■ **Dataset section**
---------------
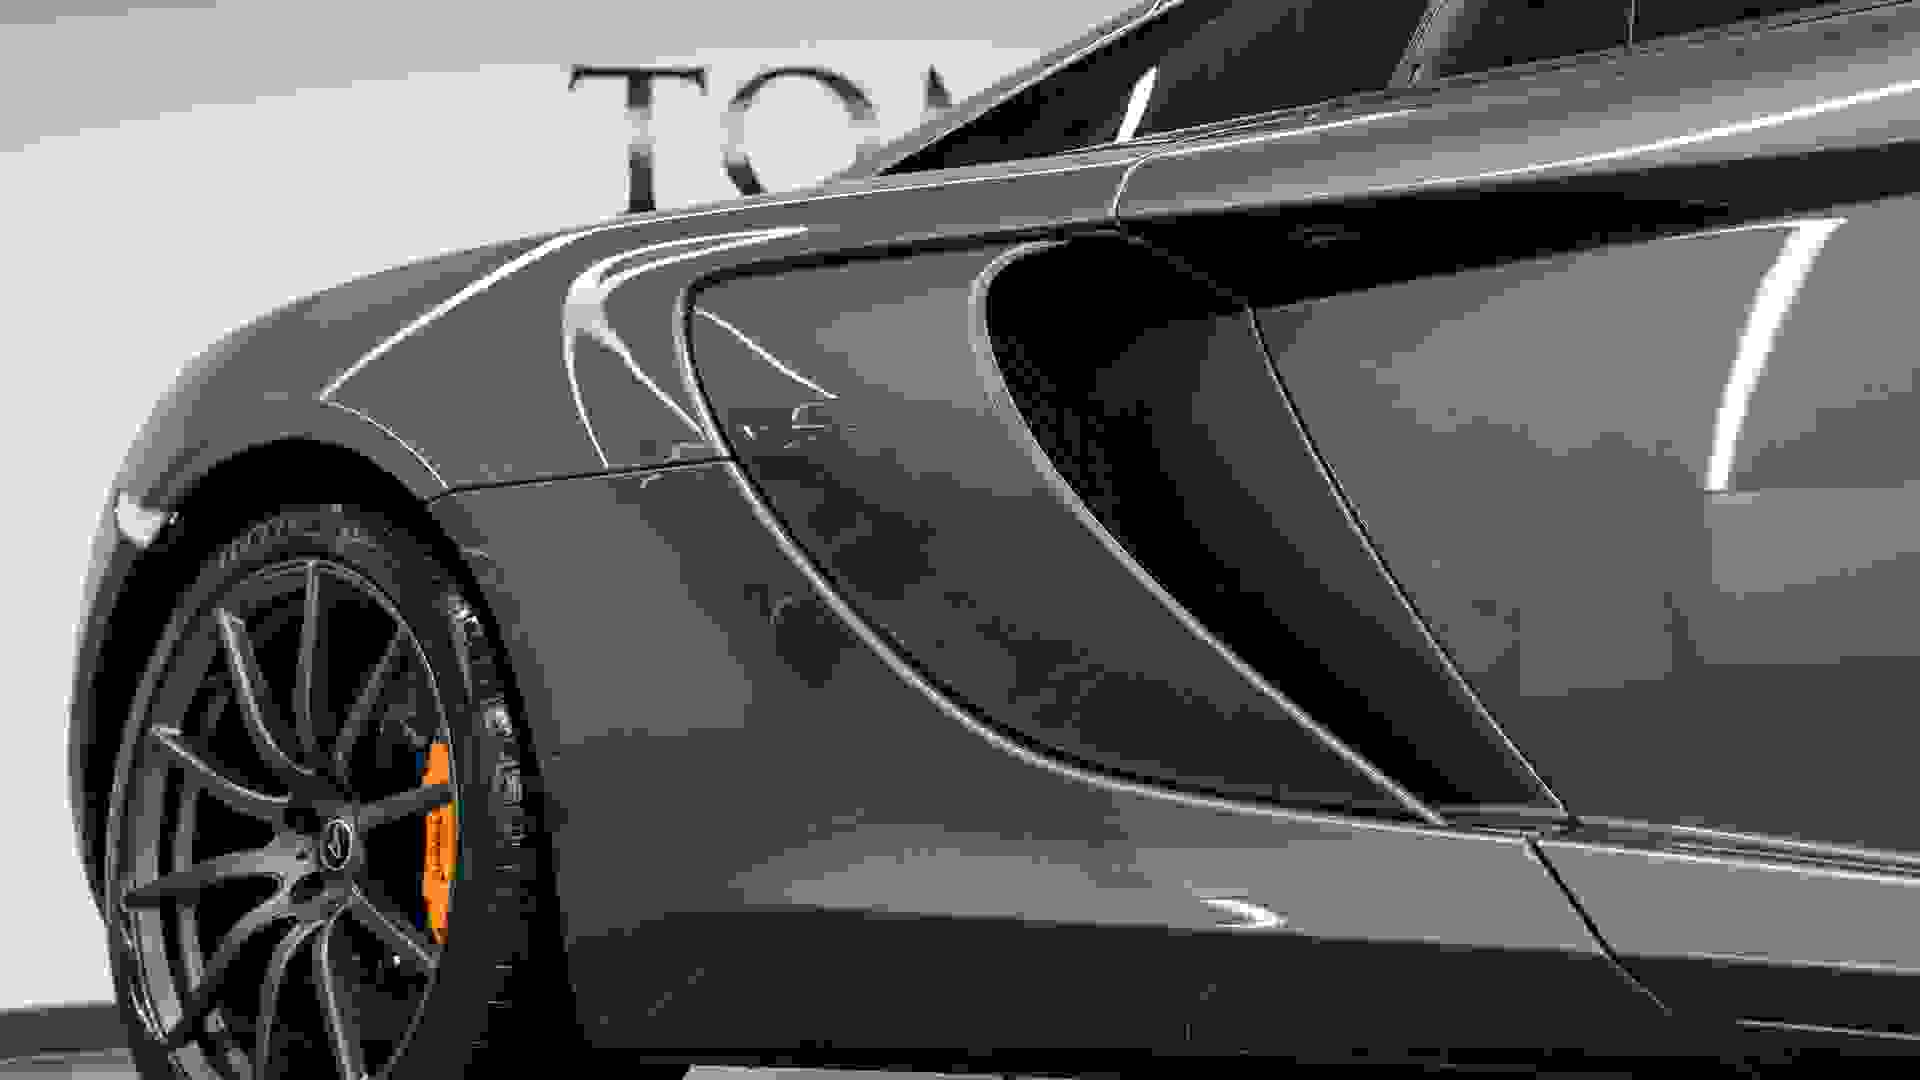 McLaren 650S Photo e05505a9-af63-4d9a-852d-0447da17b726.jpg
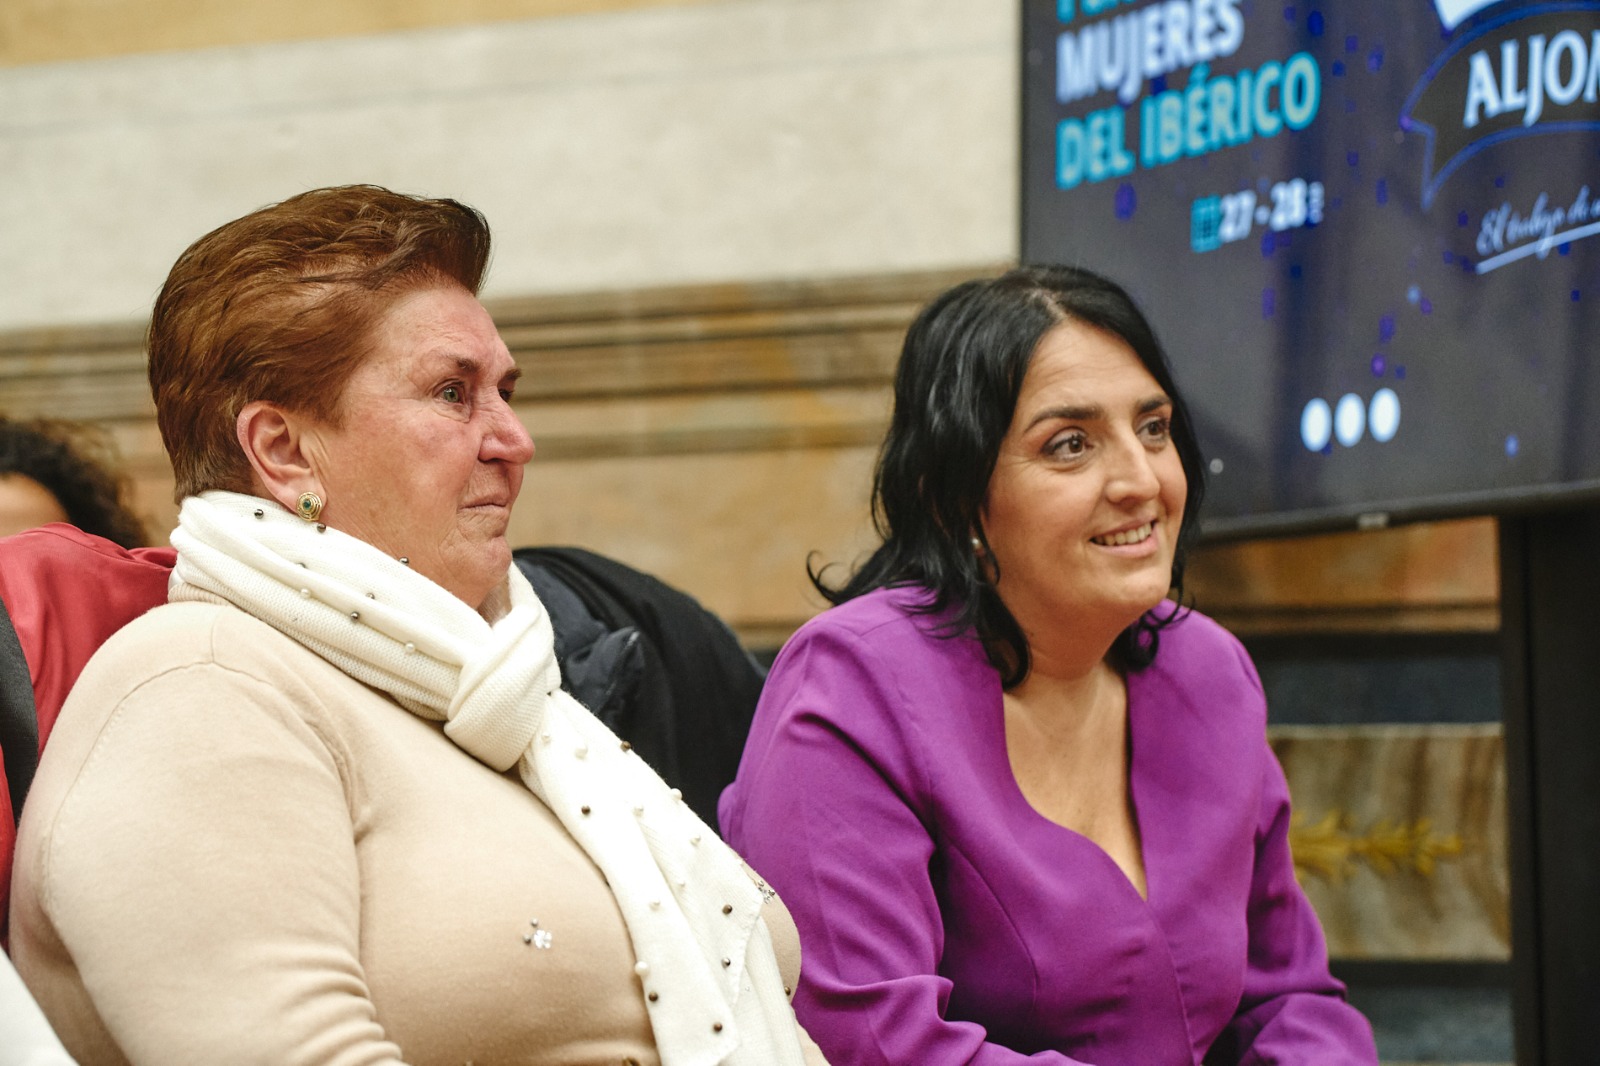 Encuentro mujeres en el iberico
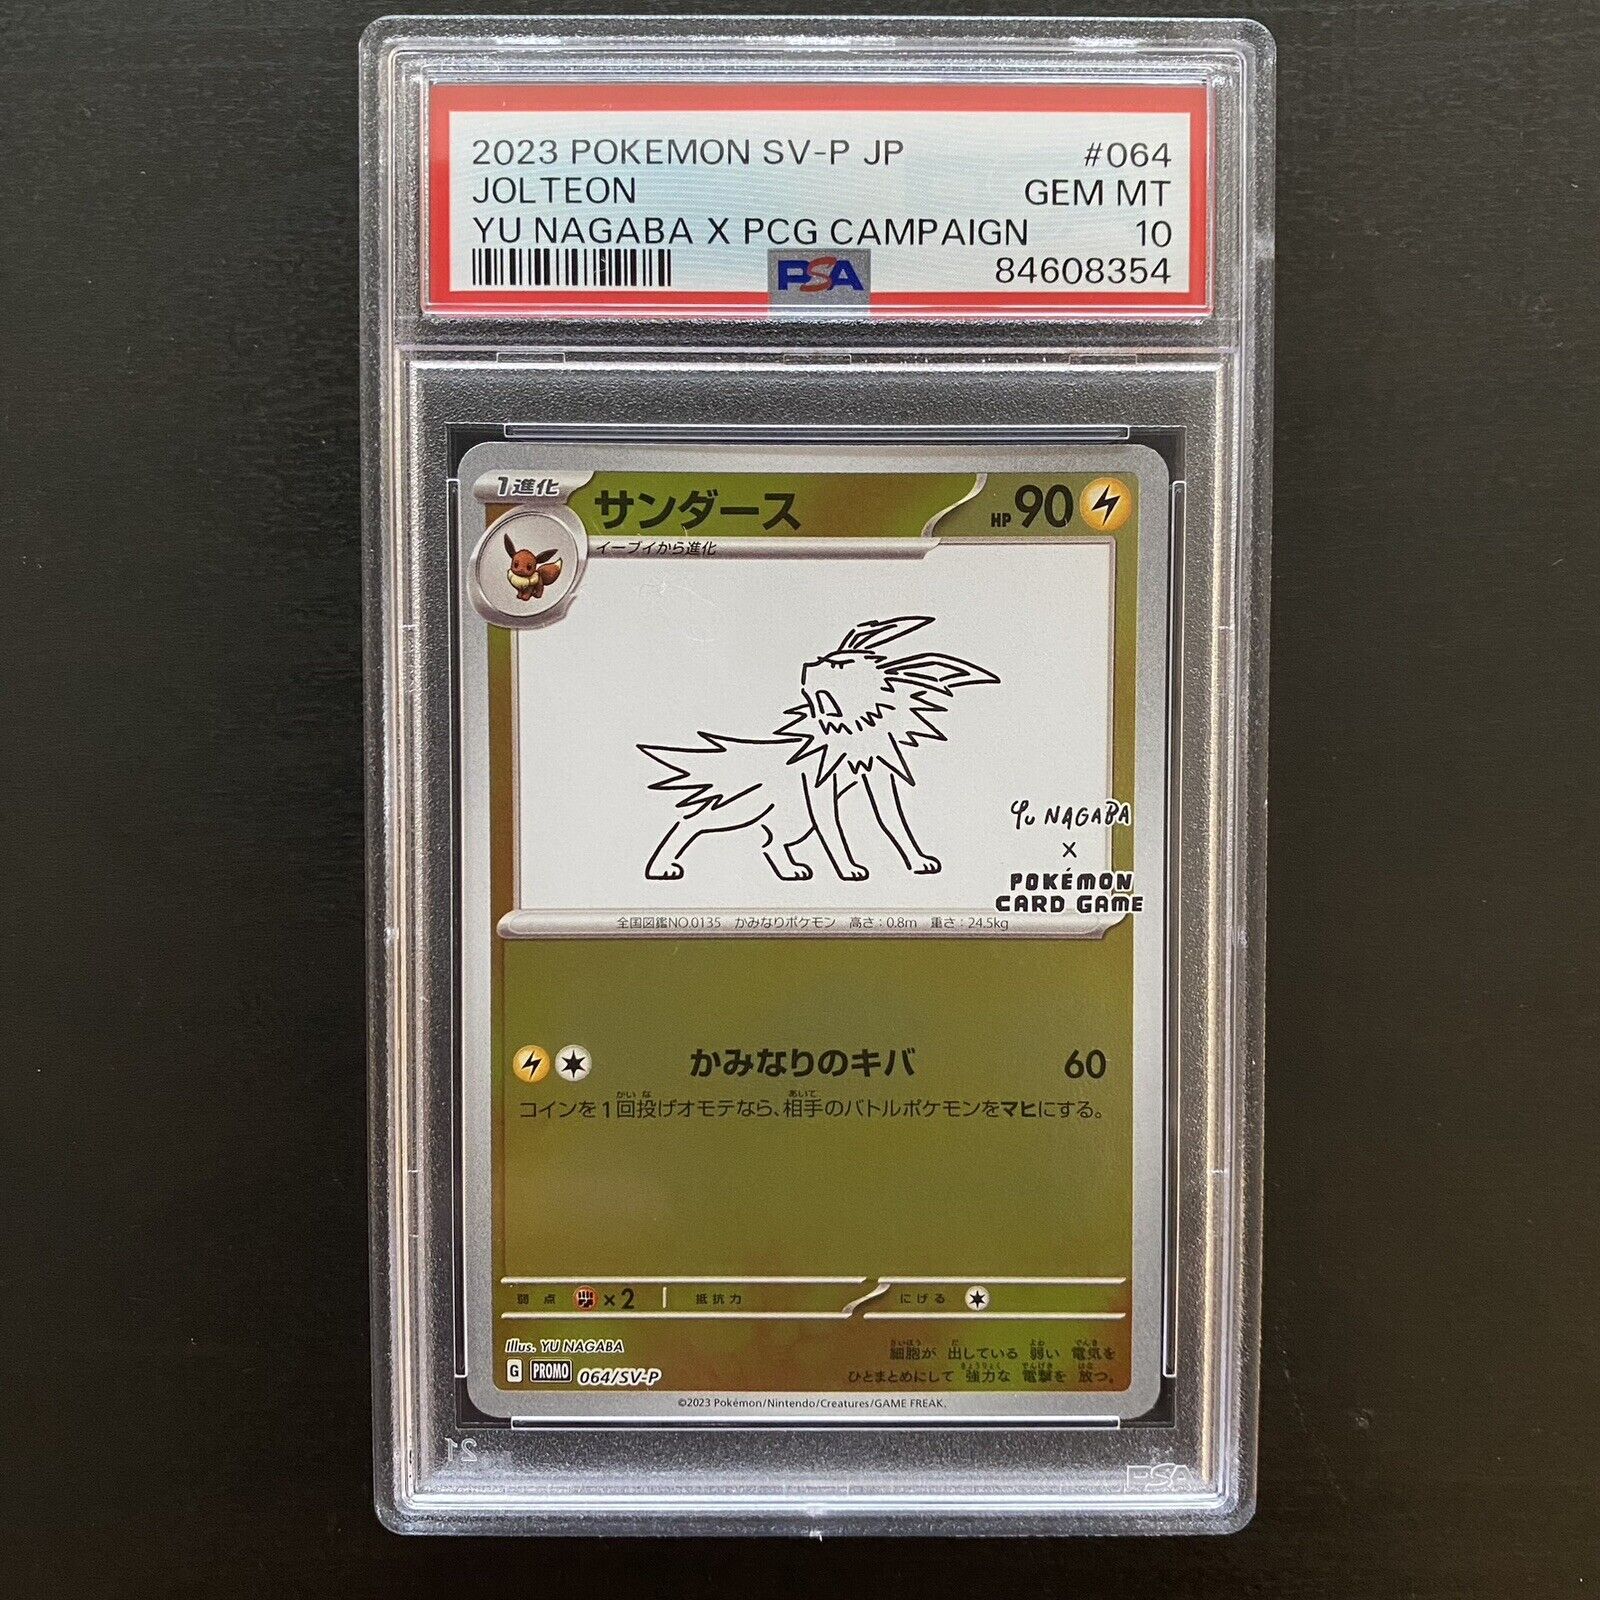 JOLTEON 064/SV-P | PSA 10 | Yu Nagaba Japanese Graded Pokémon Card
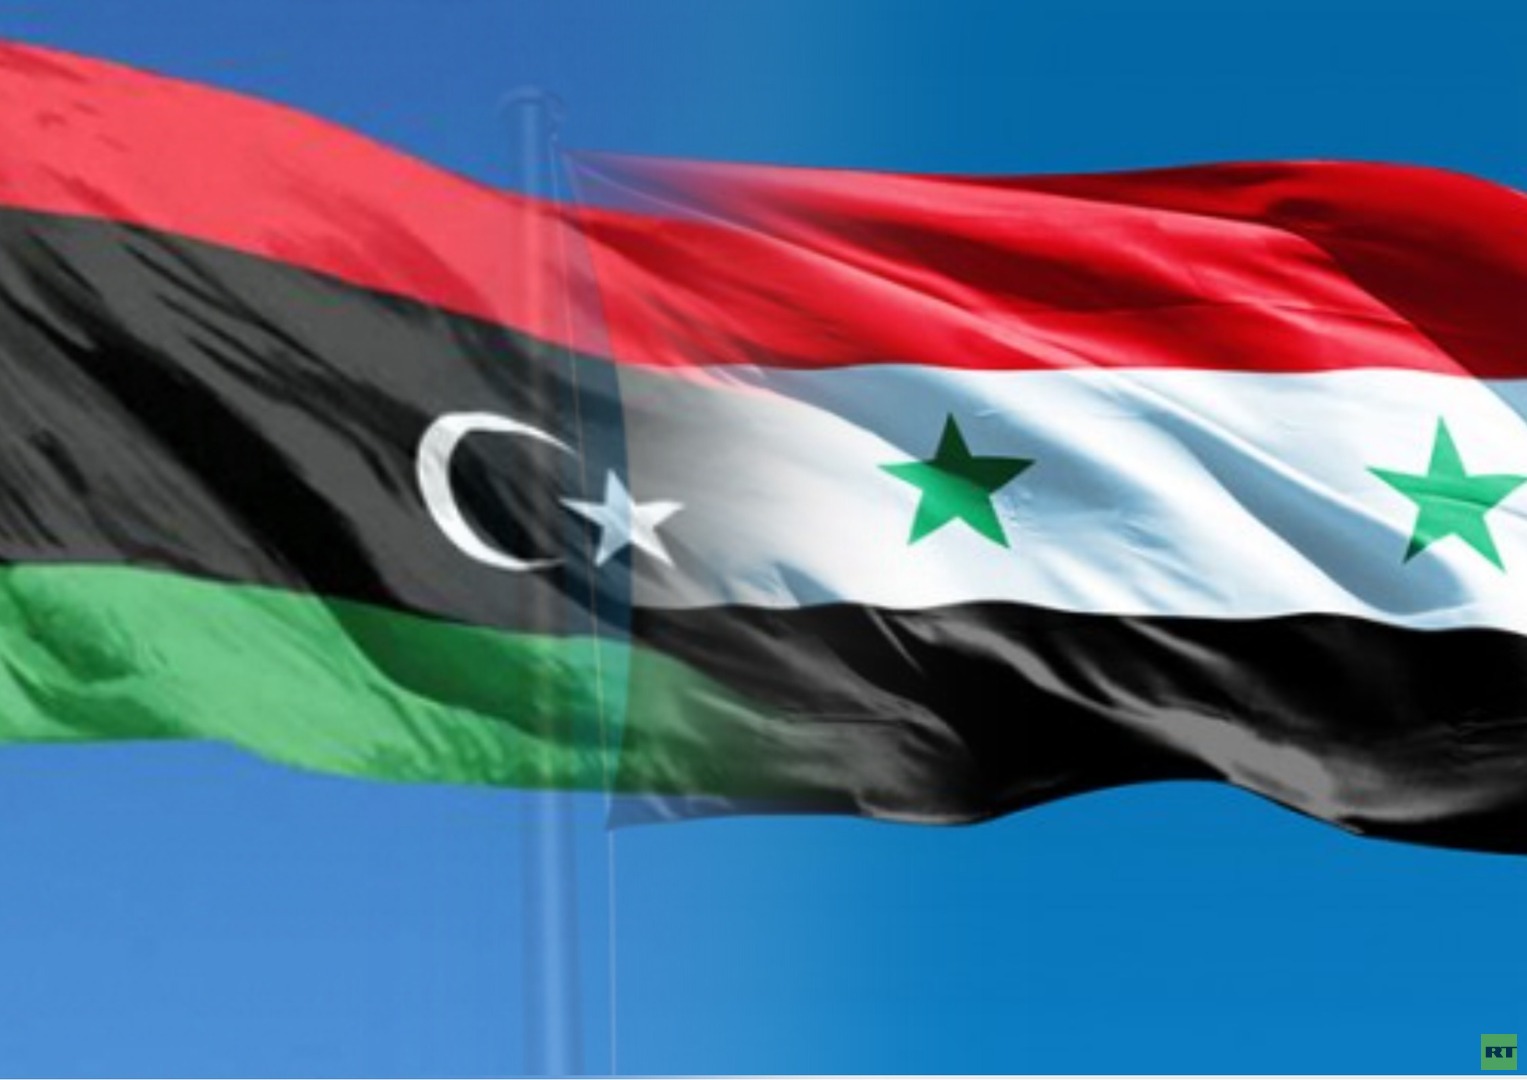 تجارة غير مشروعة على حساب الشعبين السوري والليبي؟
---------------
Output the line containing "Encuentro mujeres en el iberico" along with every line after it to the end of the material, exactly as written, but without pictures.

■ **Exercise result**
 Encuentro mujeres en el iberico
 JOLTEON 064/SV-P | PSA 10 | Yu Nagaba Japanese Graded Pokémon Card
 تجارة غير مشروعة على حساب الشعبين السوري والليبي؟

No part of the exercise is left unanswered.